Goldie Behl is an Indian filmmaker and entrepreneur belonging to the Behl family of Hindi films. He is married to Sonali Bendre.

Career
As student of Mayo College, Behl trained within the Mumbai Film Industry, born on January 24, 1975. In 2001, he made his directorial debut with the film Bas Itna Sa Khwab Hai (That’s All I Dream of) starring Abhishek Bachchan, Rani Mukherji, Sushmita Sen and Jackie Shroff. Behl then co-founded Rose-audiovisuals which has released shows such as Lipstick, Remix songs and Kabhi Haan Kabhi Na on Indian television network.

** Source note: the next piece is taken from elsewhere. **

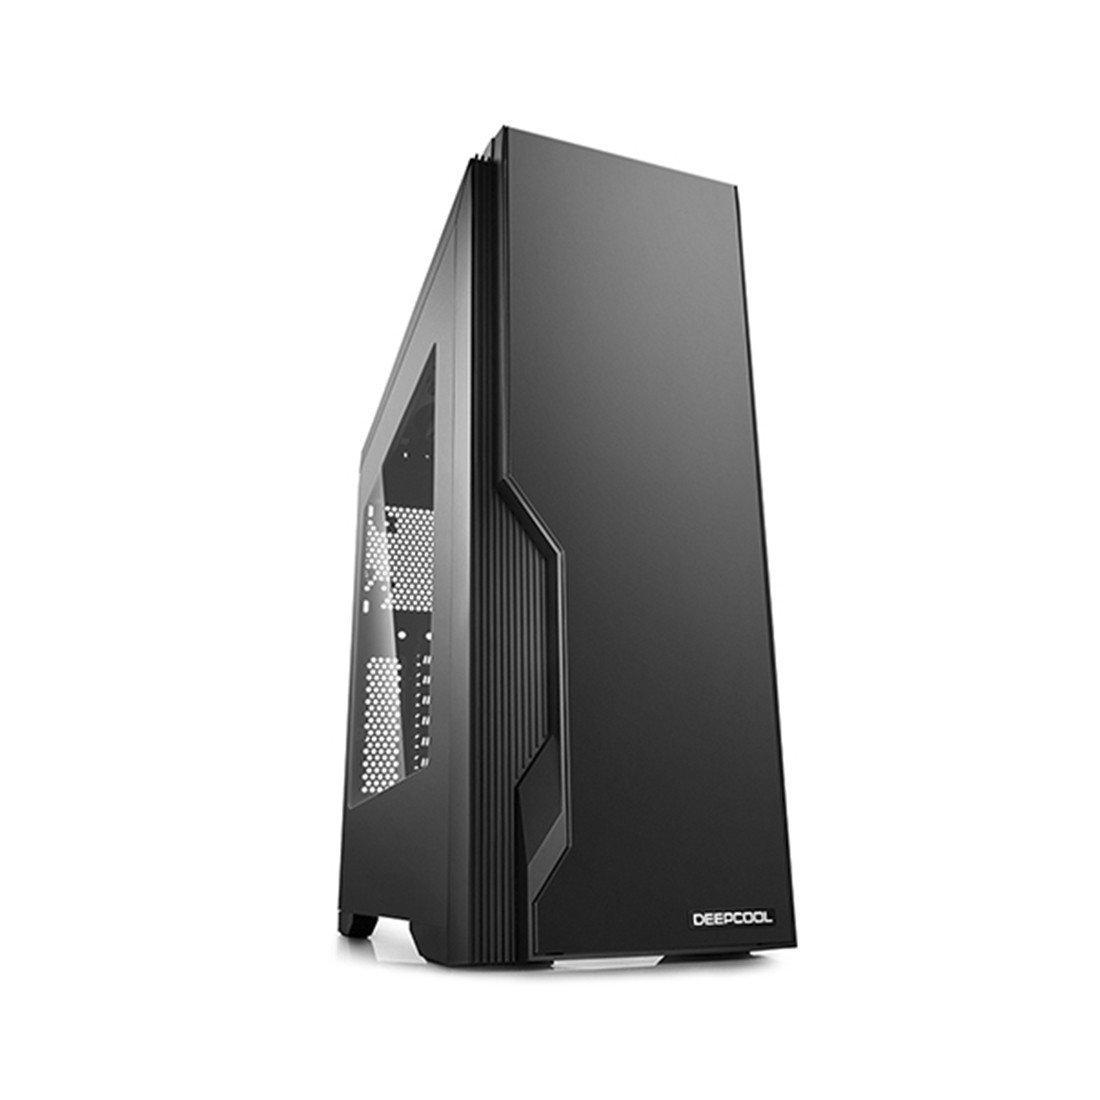 Системный блок Intel Core i3-7100 3.9GHZ/H110/DDR4 4GB/SSD 120GB/450W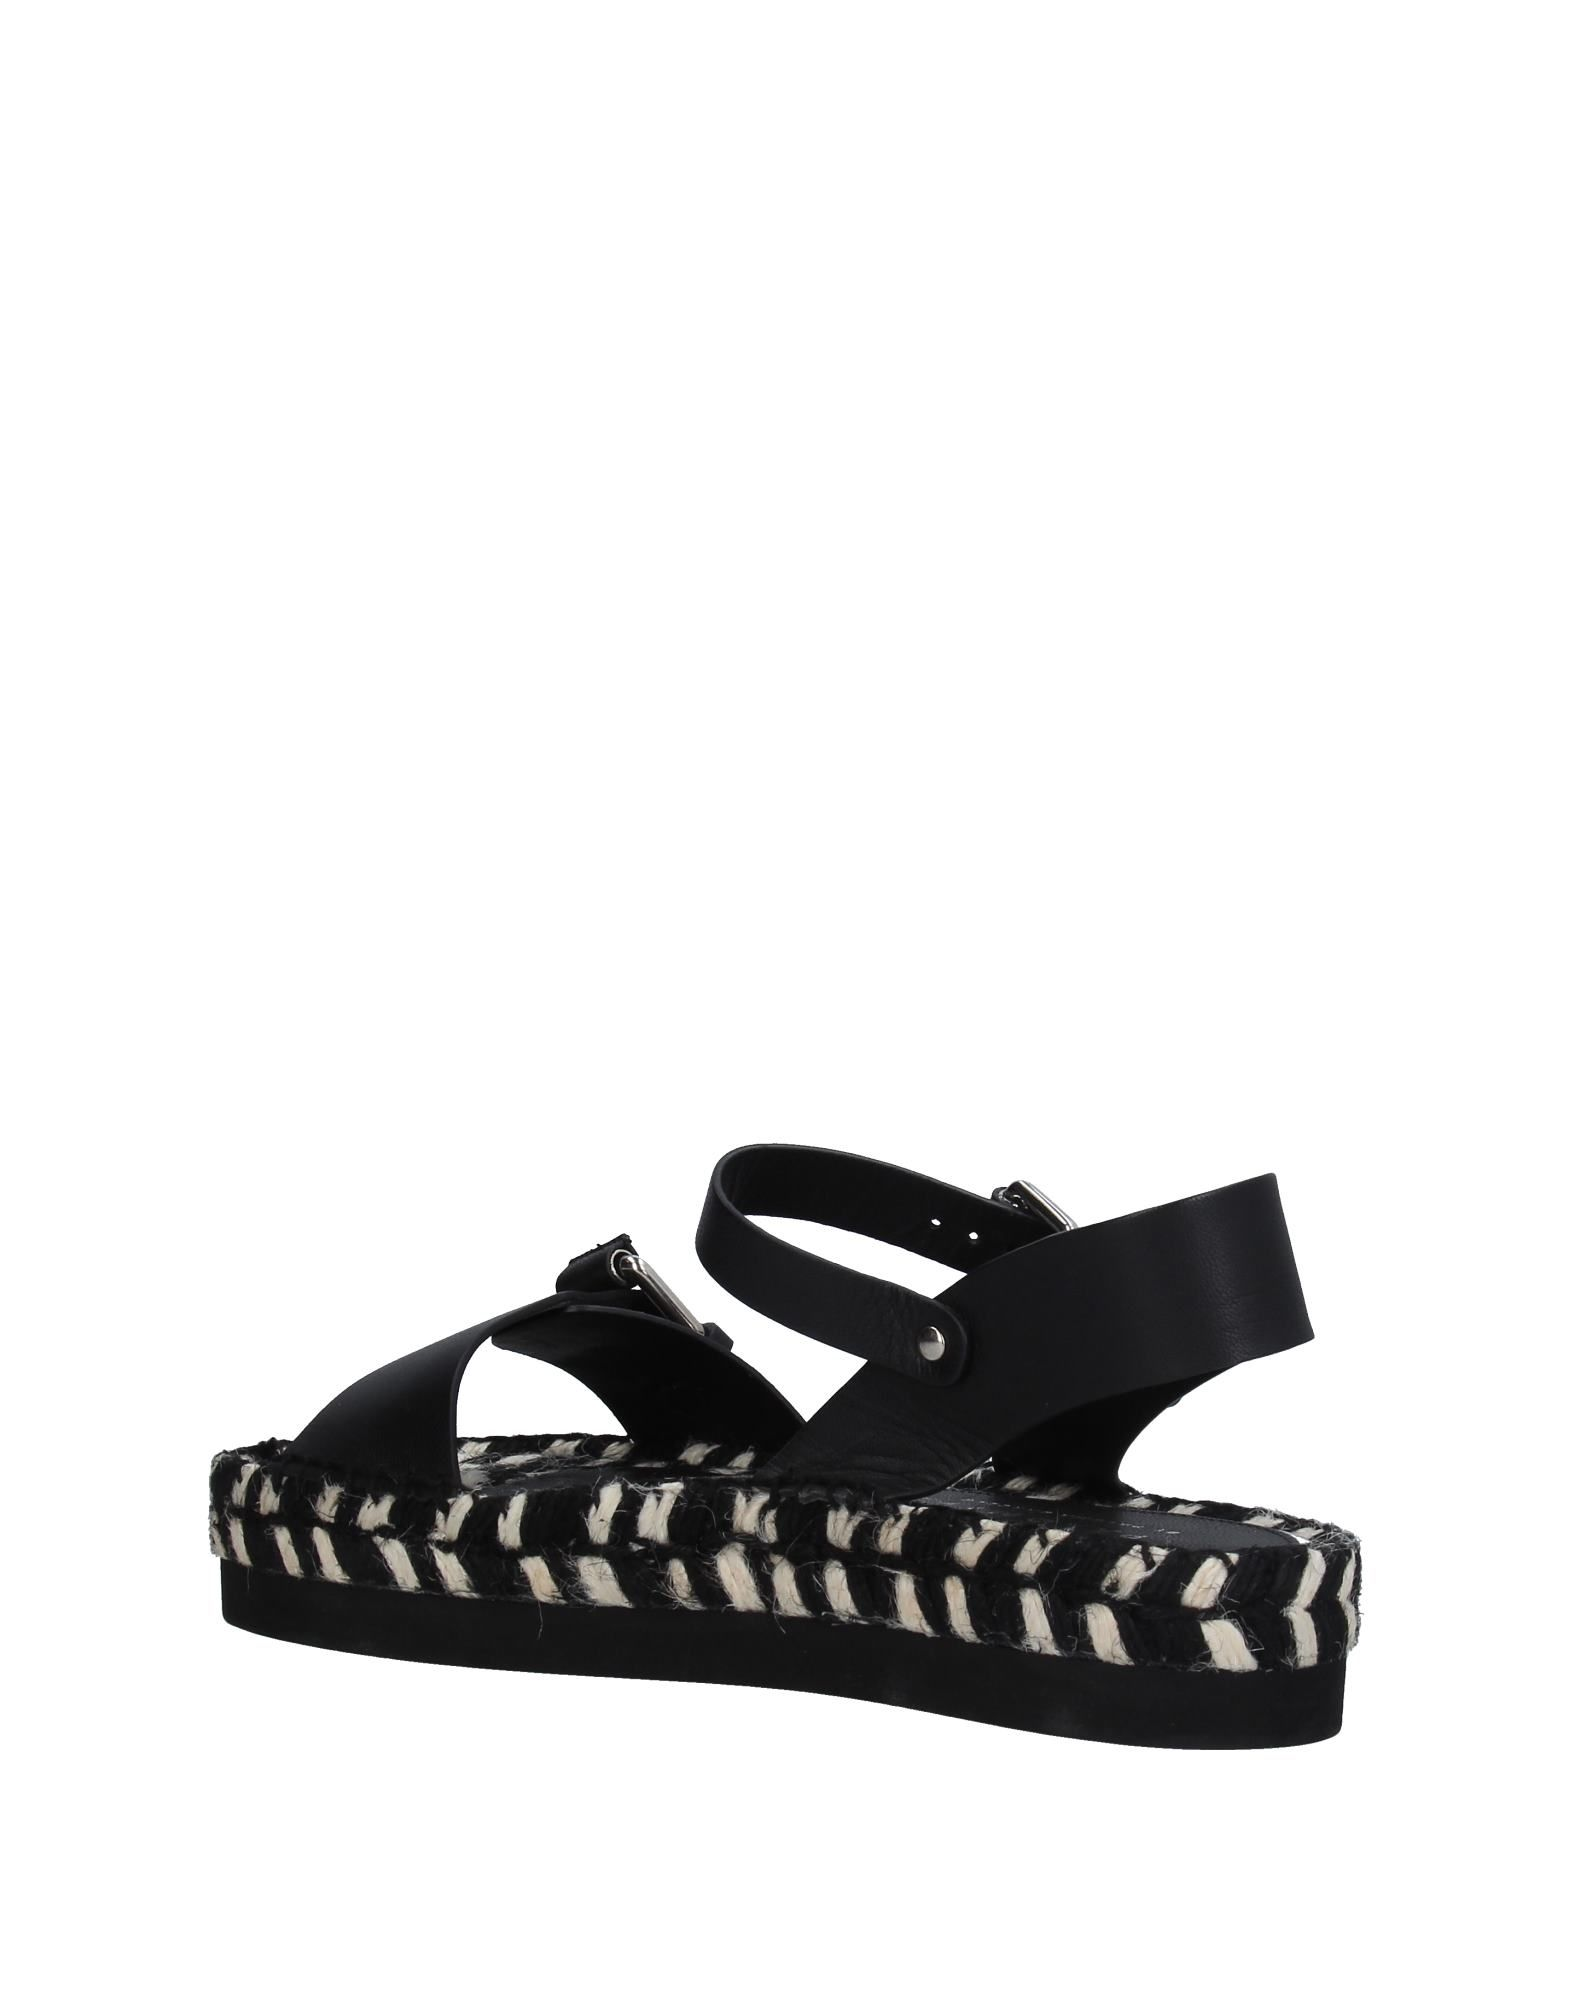 palomitas par paloma barcel & # 243; sandales - - - femmes palomitas par paloma barcel & # 243; sandales en ligne sur canada - 11255437ol 531034

Drona was his second film, with fantasy-action and special effects amalgamating Indian mythology with pure fantasy, and fusing a contemporary storyline.

Personal life

Goldie is related to many eminent people in the Hindi film industry through both his parents. His father is the director Ramesh Behl, whose brother is another noted film director, Shyam Behl. Shukla Devi Tuli, wife of superstar Rajendra Kumar Tuli, is a sister of Ramesh and Shyam Behl. Thus, the actor Kumar Gaurav is Goldie's first cousin; as are actor Ravi Behl and actress Geeta Behl, the children of Shyam Behl.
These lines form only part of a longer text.